* **WHAT TO DO**:
The stretch from the line with "Big Mimì shopping" through the line with "03 Volkswagen Lupo" in the records below: write it out exactly, and nothing else.

* **SUPPLIED RECORDS**:
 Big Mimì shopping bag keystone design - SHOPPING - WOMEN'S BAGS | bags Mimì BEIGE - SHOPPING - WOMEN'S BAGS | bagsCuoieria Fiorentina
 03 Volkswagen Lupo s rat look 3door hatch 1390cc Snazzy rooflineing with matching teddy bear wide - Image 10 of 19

---

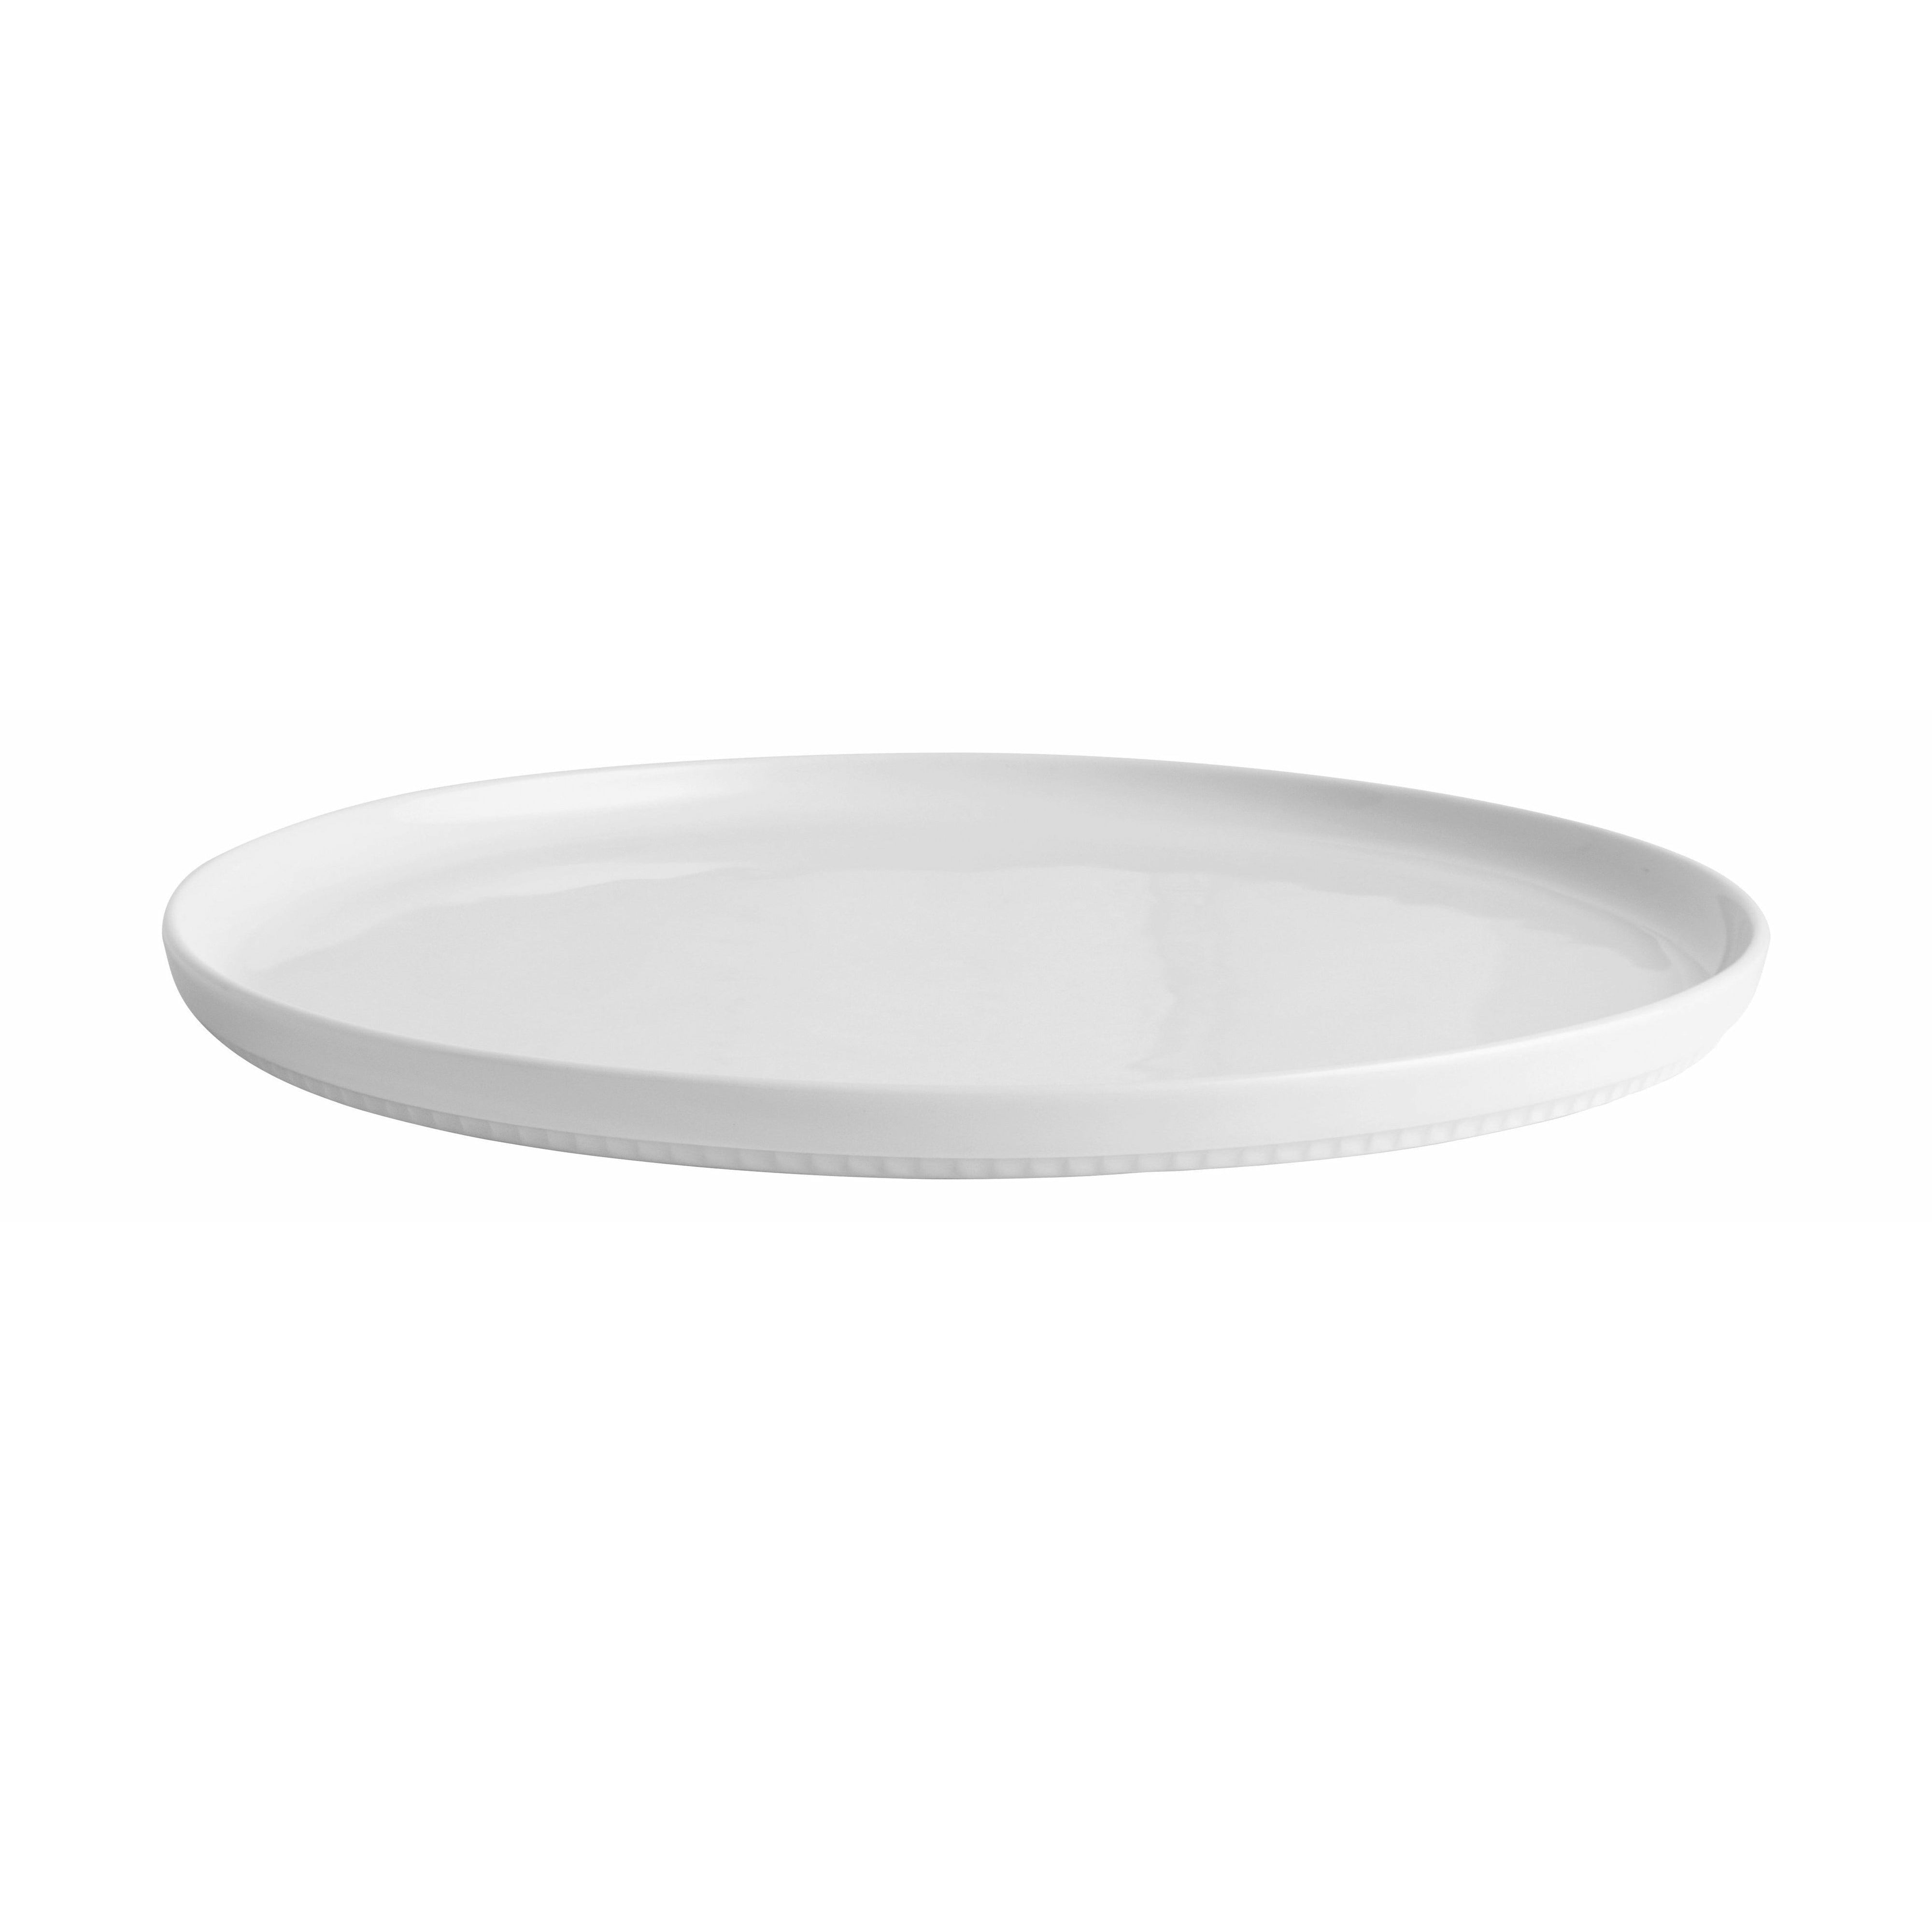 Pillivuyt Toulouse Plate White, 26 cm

* **RESPONSE TO THE EXERCISE**:
 Big Mimì shopping bag keystone design - SHOPPING - WOMEN'S BAGS | bags Mimì BEIGE - SHOPPING - WOMEN'S BAGS | bagsCuoieria Fiorentina
 03 Volkswagen Lupo s rat look 3door hatch 1390cc Snazzy rooflineing with matching teddy bear wide - Image 10 of 19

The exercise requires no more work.